14 Want de Heere, uw God, wandelt in het midden van uw leger, om u te verlossen, en om uw vijanden voor uw aangezicht te geven; daarom zal uw leger heilig zijn, opdat Hij niets schandelijks onder u zie, en achterwaarts van u afkere.
Verschillende voorschriften
15 Gij zult een knecht aan zijn heer niet overleveren, die van zijn heer tot u ontkomen zal zijn.
16 Hij zal bij u blijven in het midden van u, in de plaats, die hij zal verkiezen, in een van uw poorten, waar het goed voor hem is; gij zult hem niet verdrukken.
17 Er zal geen hoer zijn onder de dochters van Israël; en er zal geen schandjongen zijn onder de zonen van Israël.

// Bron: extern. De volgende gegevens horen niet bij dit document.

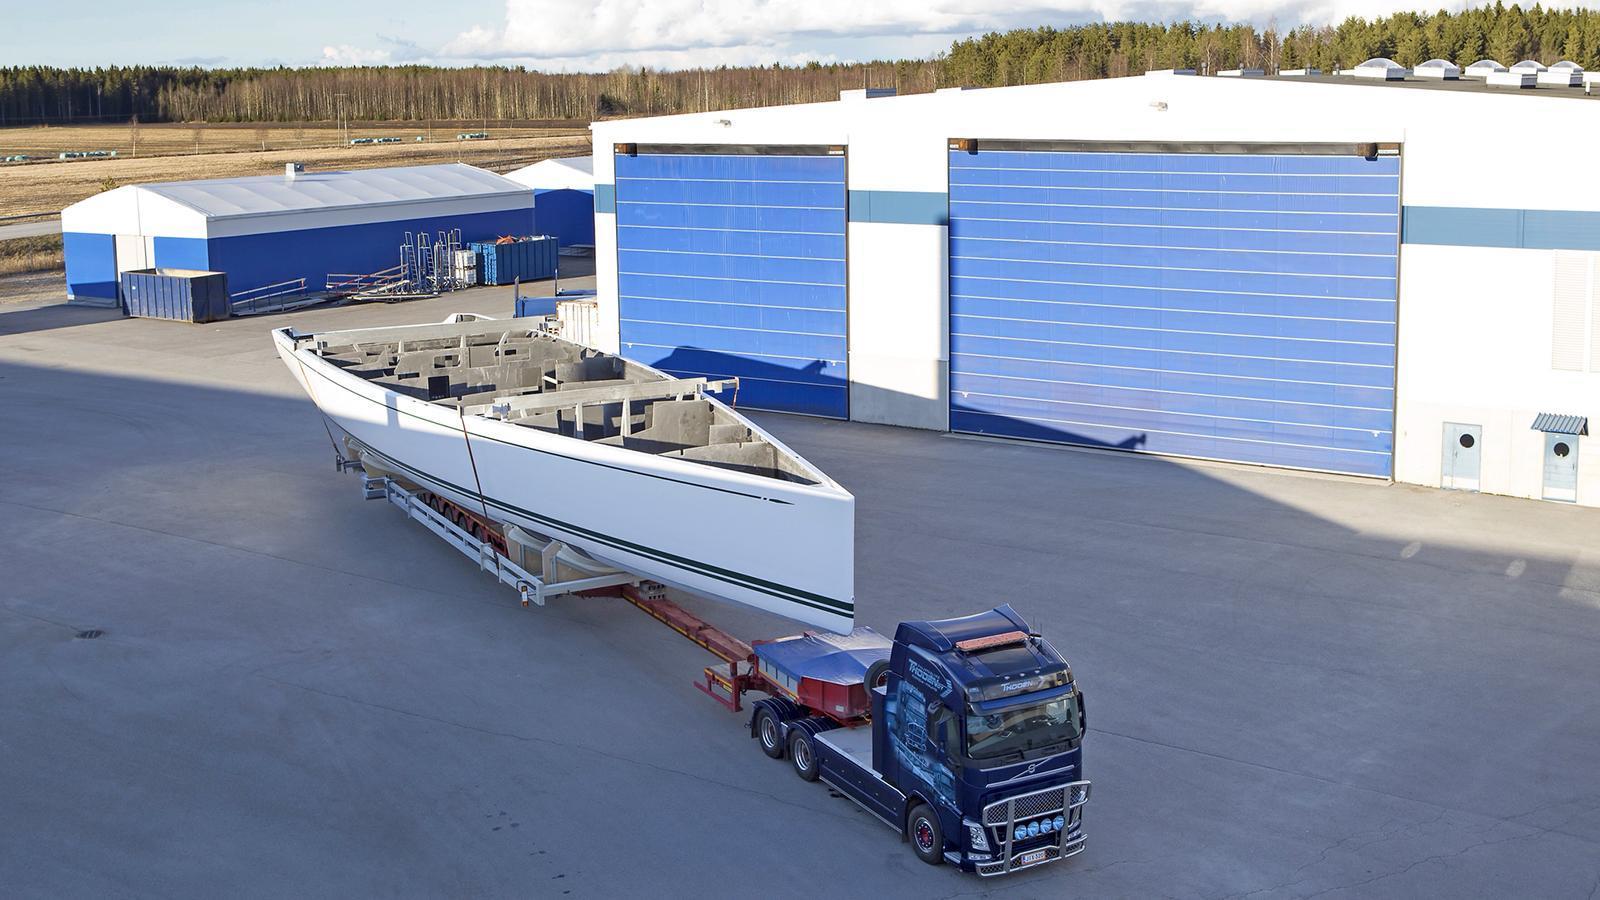 highland-fling-nautors-swan-sailing-yacht-2016-35m-hull-yard

18 Gij zult geen hoerenloon noch hondenprijs in het huis van de Heere, uw God, brengen, tot enige gelofte; want ook die beiden zijn de Heere, uw God, een gruwel.
19 Gij zult aan uw broeder geen woeker opleggen , met woeker van geld, met woeker van spijs, met woeker van enig ding, waarmee men woekert.

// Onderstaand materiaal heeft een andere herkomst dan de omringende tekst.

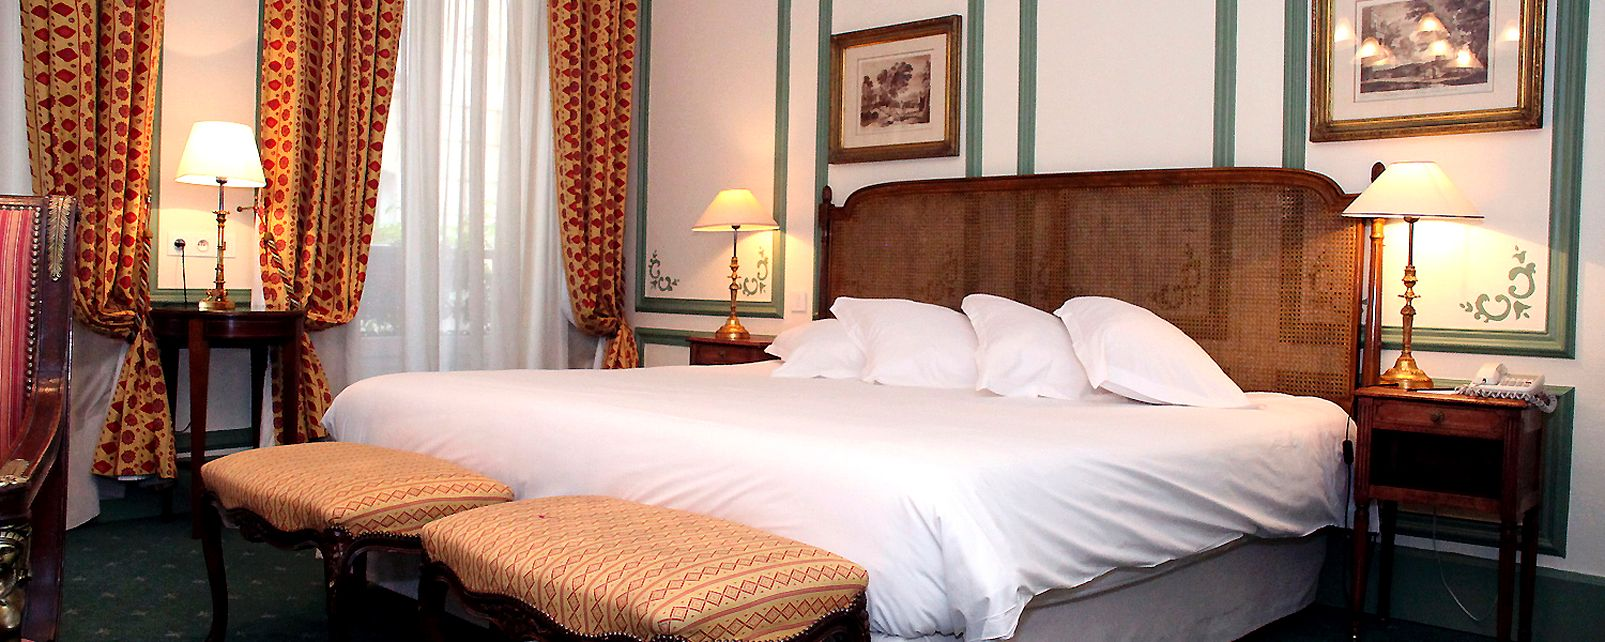 Hotel New Roblin Paris

20 Aan de vreemde zult gij woeker opleggen; maar aan uw broeder zult gij geen woeker opleggen; opdat u de Heere, uw God, zegene, in alles, waaraan gij uw hand slaat, in het land, waar gij naar toe gaat, om dat te erven.
21 Wanneer gij de Heere, uw God, een gelofte zult beloofd hebben, zult gij niet uitstellen die te betalen; want de Heere, uw God, zal ze zeker van u eisen, en zonde zou in u zijn.
22 Maar als gij nalaat te beloven, zo zal het geen zonde in u zijn.
23 Wat uit uw lippen gaat, zult gij houden en doen; zoals gij de Heere, uw God, een vrijwillig offer beloofd hebt, dat gij met uw mond gesproken hebt.
24 Wanneer gij gaan zult in de wijngaard van uw naaste, zo zult gij druiven eten naar uw lust, tot uw verzadiging; maar in uw vat zult gij niets doen.
25 Wanneer gij zult gaan in het staande koren van uw naaste, zo zult gij de aren met uw hand afplukken; maar de sikkel zult gij aan het staande koren van uw naaste niet bewegen.